It’s that time of year when people start saying that summer is almost over.
It’s a common human defense mechanism to repeatedly state the negative things that could happen out loud, as though that will protect you from them when they come. We mentally live in the worst case scenario to avoid being taken by surprise. Of course, Fall does always get here, so it’s not delusional to say it’s on its way, just preemptive during the first week of August. Unfortunately, my dating life is feeling all the ominous portents of change.
As I swiped this week, the giddy slew of connections I’d been making in early June had slowed to a trickle. I could not get a freaking date! Flakes, fakers, no shows, no response. Everything is experiencing an end of summer slow down, including libidos.
I’m laying in my underwear on the couch, morosely messaging “Heys” to the few possibilities on my match list. Lately, I’ve been contending with the difficulties of going out with the same person more than once. The more you get to know someone, the more time you feel you owe them, the more of yourself you think you should share. Drained and confused, all I really want is a palate cleanser. Someone new and FRESH who I wouldn’t have to build anything significant with.
A match on Bumble has a picture of himself laying with his cat on the floor. Sometimes I swipe right on people who have animals I want to get to know. I message him that I love his cat, and he instantly replies. What? A conversation starting at 11:45 pm on a week night? This is too good to be true.
It is. He’s only visiting, and he’s leaving town tomorrow afternoon, but will be back in October.
“Oh well,” I write, “In my experience if you don’t meet right away, you never will. But feel free to message me in October.”
He suggests we meet right away.
Now, many women who swipe on dudes can tell you about the sheer number of “U up?” messages you receive on a nightly basis from horny men. The fact that it happens so often must mean that it works sometimes, and I have occasionally been tempted. Here’s how dudes usually blow it:
1. Demand some assurance that if they come to meet you, you will absolutely have sex with them (no woman wants to trust themselves with someone who doesn’t seem capable of taking no for an answer).
2. Message at 3am when I am already asleep.

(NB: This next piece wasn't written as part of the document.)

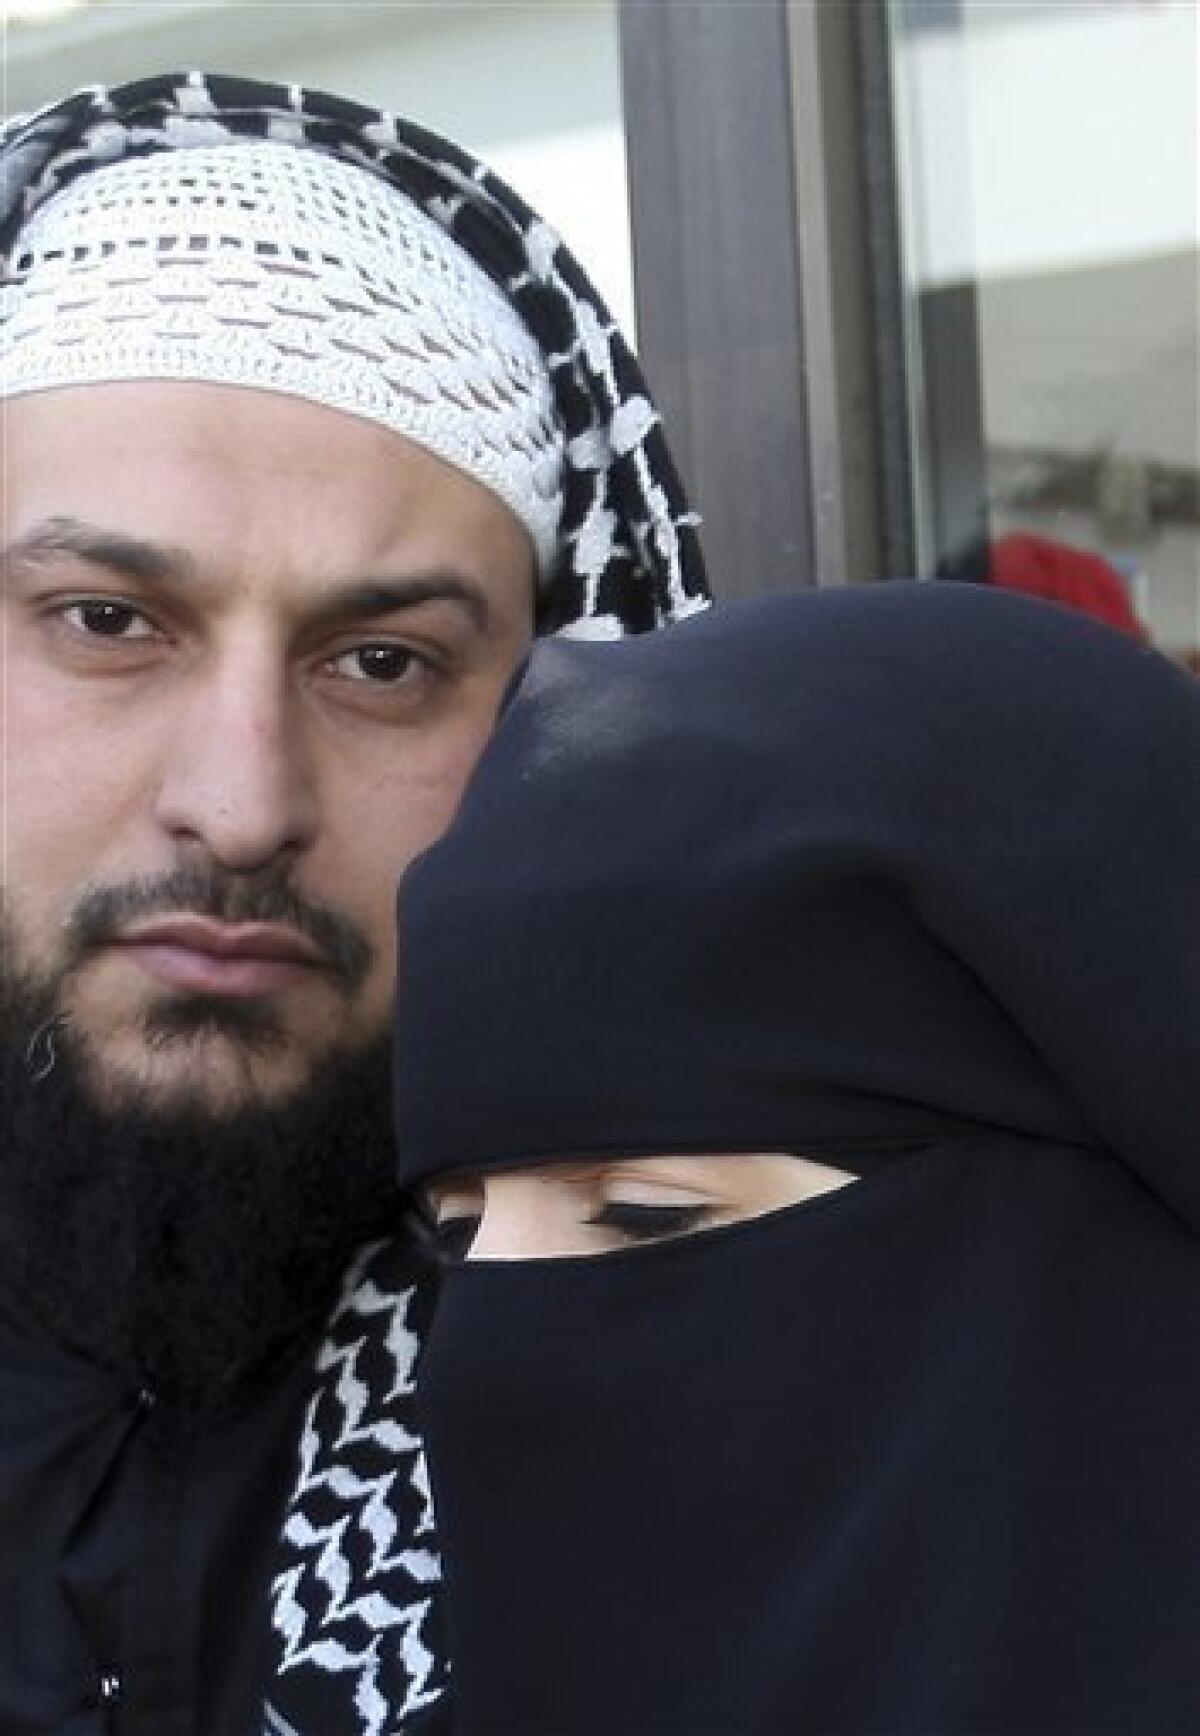 FILE - In this April 23, 2010 picture Lies Hebbadj, left, and his wife Sandrine Mouleres , speak to reporters in Nantes, western France. A French court on Monday Dec. 12, 2010 annulled a fine given to a woman driver wearing an Islamic face veil before France's nationwide ban on the garments goes into effect. Traffic police in the western city of Nantes had fined 31-year-old Sandrine Mouleres in April, saying she did not have a clear field of vision. The fine was just euros22, ($29) but drew widespread attention amid nationwide debate over the place of Islamic veils in today's France. (AP Photo/David Vincent, File)

This date works his magic on me. He says he’ll get in a car right away, meet me at a bar near my house, and there’s absolutely no obligation to do anything at all—no pressure. NO PRESSURE. All I want is no pressure, to not do anything I don’t want to, to not be anything to anyone that I don’t feel capable of being.
I’m tired. I’m already not wearing pants. I’m pretty sure I have to clean the kitty litter if I’m going to have another human being over to my apartment.
Holding the phone in my hand, pondering whether or not to say yes to meeting some rando after midnight when I have work in the morning, I feel the chill wind of the dying season howl over me. Summer is ending. Life is fleeting. Chances for kissing a cute man with curly hair are passing you by. Will you meet the winter of your life having never run through the green fields?
“Okay,” I write,”But if you’re not in a car by 12:30, forget it.”
I clean the kitty litter and take out the garbage and even manage to put on my dirty clothes from earlier that day before running down to the bar. We arrive at the same time, both slightly sweaty, both conspicuous in the almost empty establishment, clearly there for a hook up. I decide right away that unless he says something absolutely incriminating or insane in the next five minutes, this is going to happen.
We have one drink, and it turns out he is actually roommates with someone I know in his city, which makes the world seem incredibly small, but also feels like it mitigates the risk of taking home a strange dude. Before going to meet him, I’d texted his name and photo to a friend—I’m not crazy. She promised to avenge me if things go south.
We finish our one drink and walk towards my apartment. Outside, I ask him to kiss me. He has a nice mouth. When the long kiss ends, I say, “Now promise not to murder me.”
Afterwards, he laughs, seeming baffled that things worked out and a little stunned, because I could have brought home a murderer. I’m not afraid of him, but at this comment, I roll my eyes in the dark. Women are aware of the violence of men all the time. I don’t need a reminder from someone who just benefited from the fact that I threw the dice on him, and won.
“It can be scary,” I say, “But I want to live my life.”
You just gotta live until the last leaf falls from the bush.